§ Dataset extract
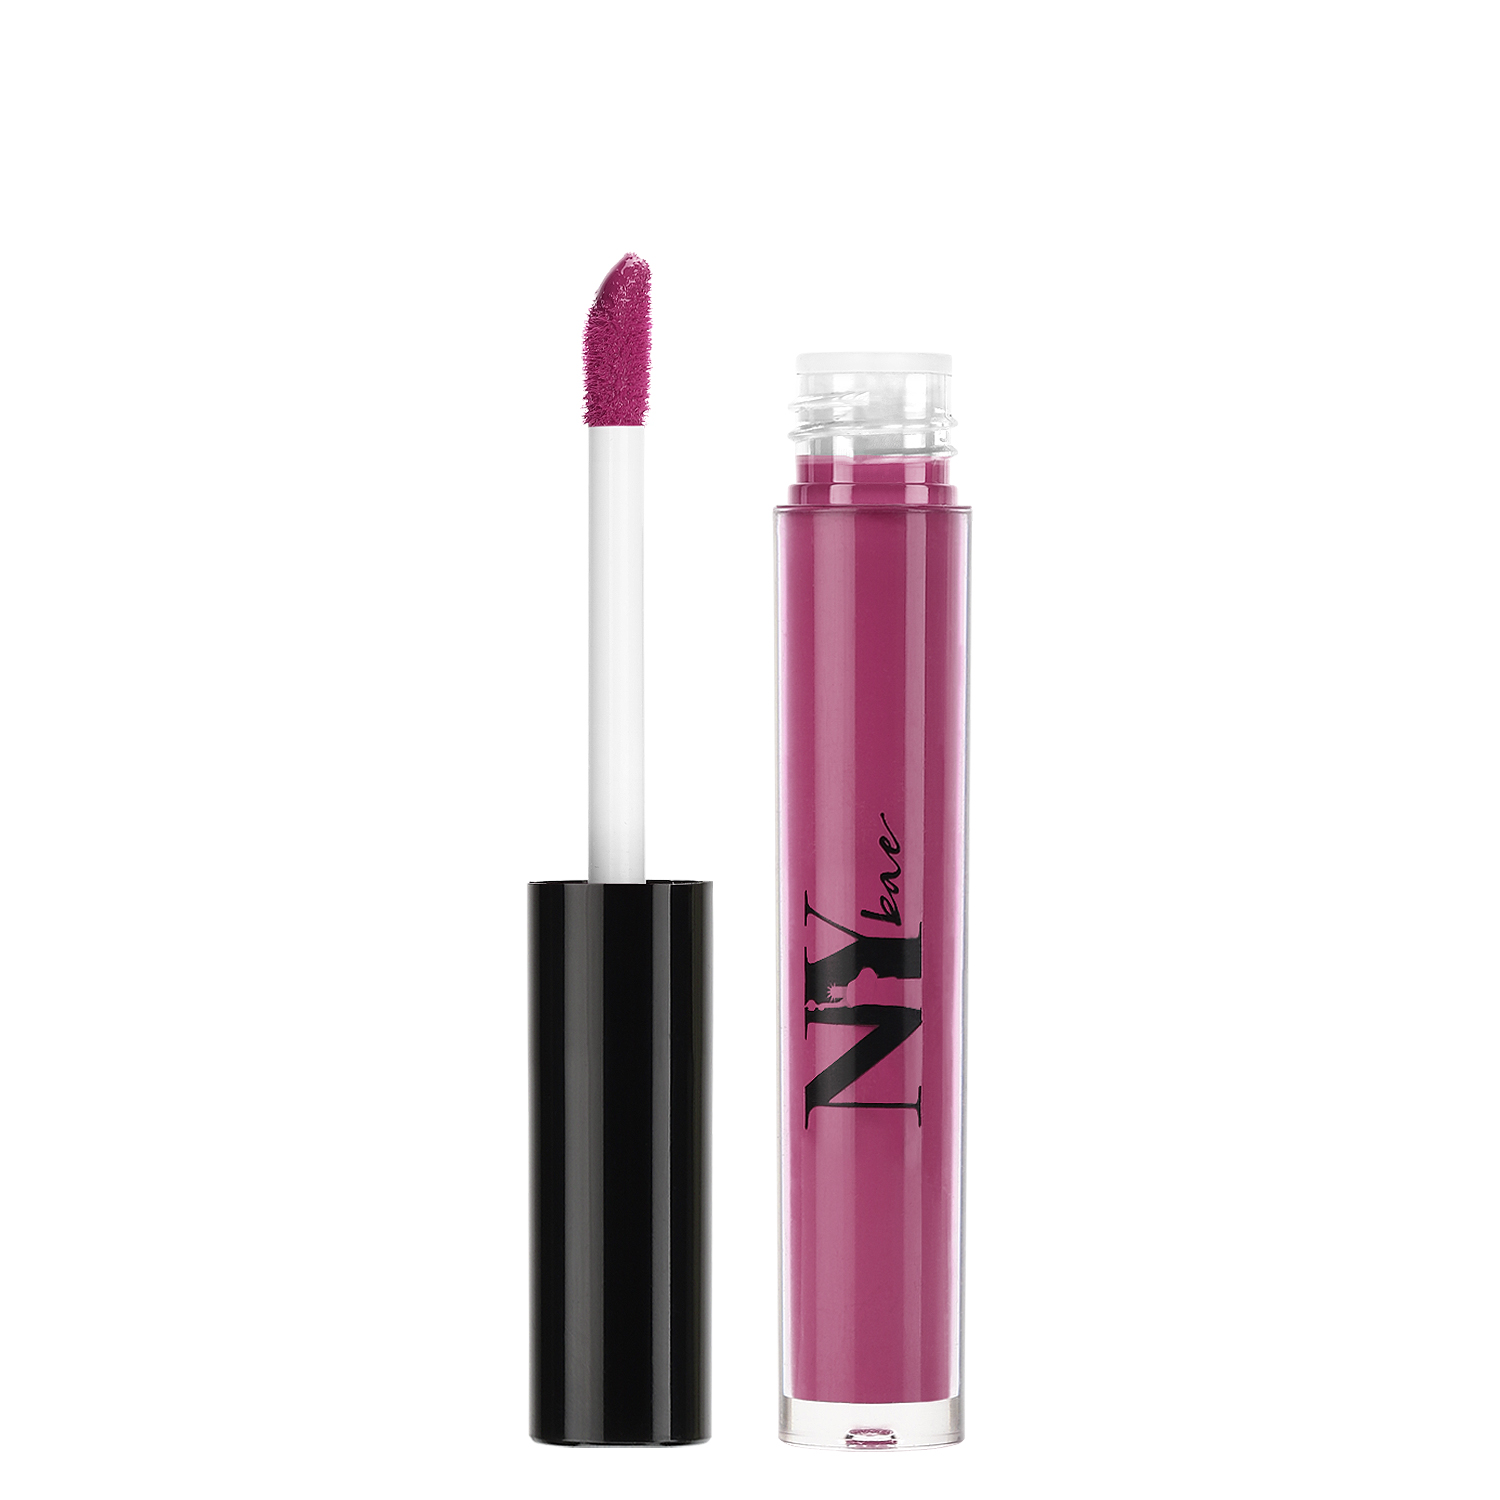 NY Bae moisturising liquid lipsticks-Samantha's Fantasy 44
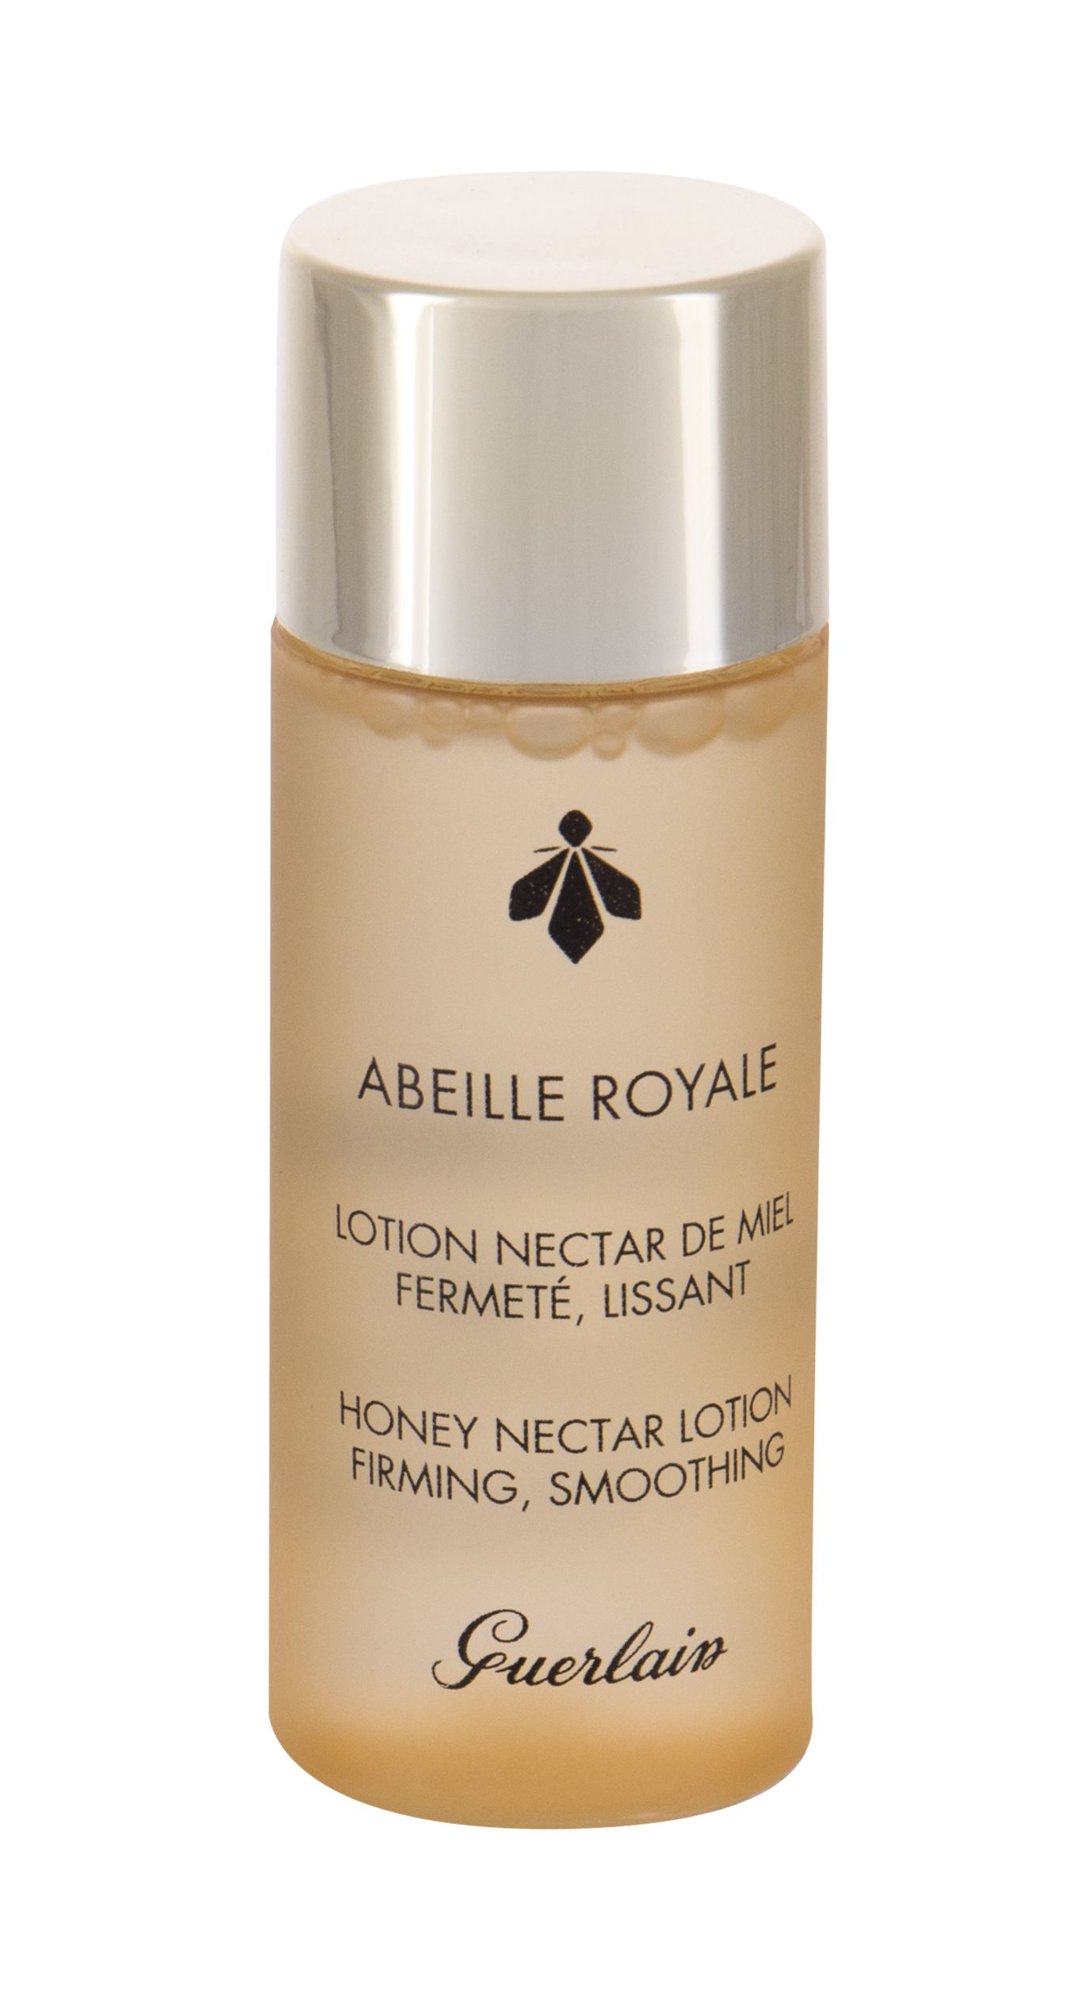 Guerlain Abeille Royale Honey Nectar Lotion valomasis vanduo veidui
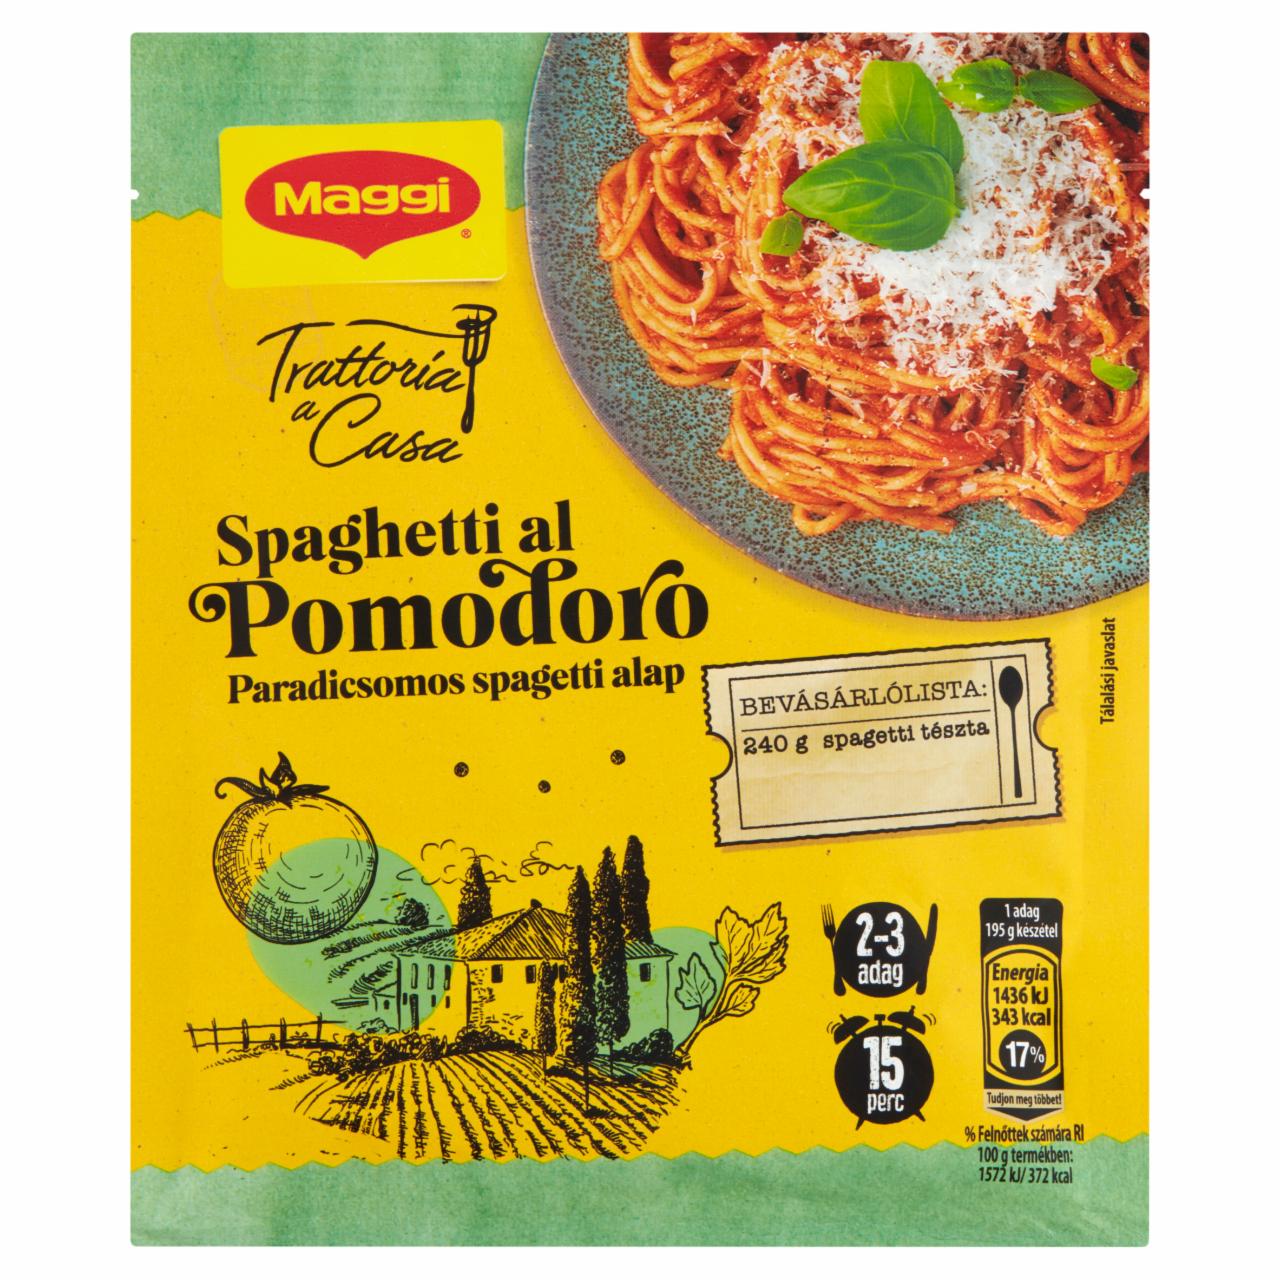 Képek - Maggi Trattoria a Casa Paradicsomos spagetti alap 46 g

§ What needs to be done
Output the line containing "Guerlain Abeille Royale" along with every line after it to the end of the material, exactly as written, but without pictures.

§ Exercise result
 Guerlain Abeille Royale Honey Nectar Lotion valomasis vanduo veidui
 Képek - Maggi Trattoria a Casa Paradicsomos spagetti alap 46 g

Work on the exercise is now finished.